Of course ideally I may have both physical comfort and aesthetic appeal, but some options are too visually interesting for me to turn down just because they aren’t very comfy. I have a lot of everyday clothing that is comfortable and has aesthetic appeal though. 
It’s not appealing to me to think about wearing PJs all the time. I think I’d feel very lazy and perhaps depressed.


----------



## shameless (Apr 21, 2014)

I gravitate towards trying to find things that are the modified comfy version to what is somewhat fashionable. I am not overtly fashionable. I would describe myself as sort of timeless and I just modify a few things to sort of stay there as styles change. I am not out of touch with what is current nor directly in touch and trendy or fashionable. 

Shopping racks is hard for me because I am more of a timeless staple piece shopper. Hence the end cap or promotional trends being highlighted are not what I gravitate towards. I am still looking for things which have a cut that is current but I definitely like toned down (I.e. Not usually into prints in most cases, exception is maybe in a few accessories like a hat or vest). I think my style is more the chic version of any various genre. I pull and reign in whatever look I am wearing.

Colors I prefer are: Grey, White, Black, Navy, Reds, & Sometimes Pink. Usually I throw color in with accessories or shoes.

An example I guess would be the ankle wedge boots everyone is wearing, most people wear those at 3"-4", I HUNTED for the 2" version of the boot.
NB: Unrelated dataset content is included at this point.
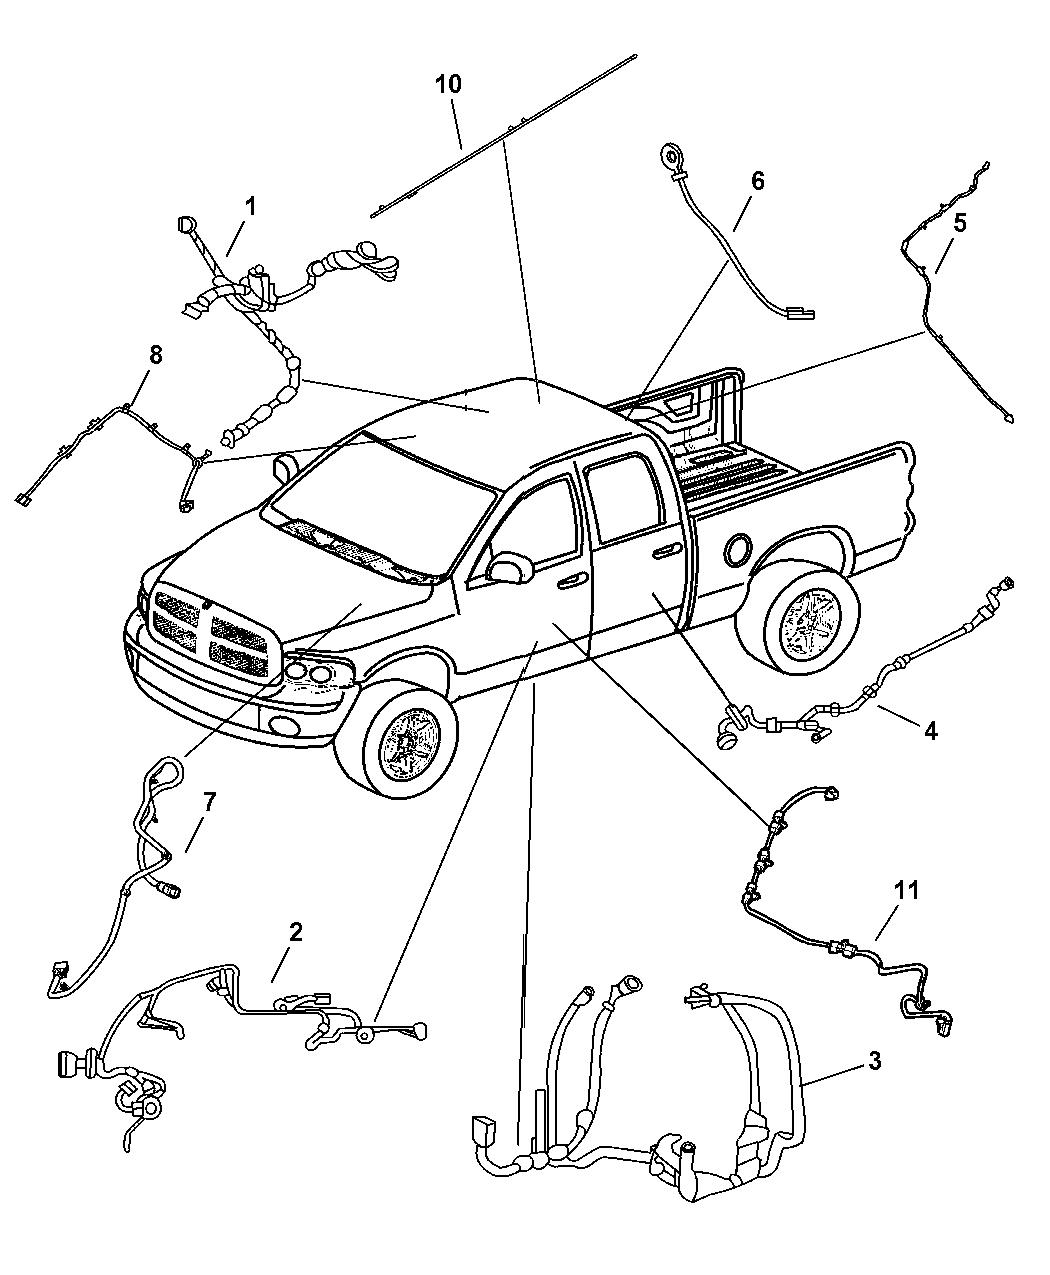 2007 Dodge Ram 1500 Wiring Body Front

It seriously looks just as aesthetically pleasing as the high version but it's just less bold, and I feel more casual. I wanted the shoes to be more under stated because I already feel overstated in my presence at times. So I often try and really soften other elements. 

I know I often prefer to dress more athletic because I have found it's easier to correspond and actually build repor with other women, I am just better received than when I am dressed more blatantly bold. For the record I do dress bold it's just definitely reserved for specific events taking place in most cases. 

Let me just say even when I describe my muting my appearance and toning it down into more comfort. I am comparing to old me. Even my toned down version is still bolder than many. I definitely have adapted a rather polished lipstick athletic look which is comfortable and approachable in my everyday life. I still have a stock of bold not in the slightest bit practical going out wear etc. I love shoes whether it's sneakers or stilettos so yes I definitely have a few ridiculous stilettos which in no way are practical, and definitely not comfy (but they are so purdy :smile: ).

90% of what I wear is comfy, the other %10 is aesthetic


----------



## Katie Tran (Apr 8, 2017)

Ideally, both comfort and aesthetics at the same time whenever I can.

Usually, I choose comfort because I can be really lazy. When the aesthetics look so good and I feel like putting in effort, fuck comfort. I'll just grind my teeth and deal with it.

Also, how ironic is it that most xNFPs said yes while most xSFPs said no lol?


----------



## dukaalmaar (Dec 27, 2016)

No, and honestly I don't see why anyone would (oops)

I've gone out to see to the chickens in a massive army jacket, cargos and trainers before, it looks like hell but the shoes are really comfy and they don't hurt my feet when I go across the stones in the garden. Though the reason I wore them out there initially was because I can slip them on, my hi tops need to be untied and then tied up again to wear them and I couldn't be bothered with it. I will say I wore the jacket cause I like how it looks but there was a practical sense (fleece lined pockets, it gets hella windy here so I needed an outer layer)


----------



## Birbsofafeather (May 18, 2017)

I'd never wear something incredibly uncomfortable, but if something very mildly uncomfortable makes me feel _much_ more confident, then why not? Of course, the outfit must match the occasion-- I'm not one to go parading around on campus in a tight, uncomfortable dress and heels, but I'll wear uncomfortable makeup (seriously, makeup can be very uncomfortable) if I am going to an important event.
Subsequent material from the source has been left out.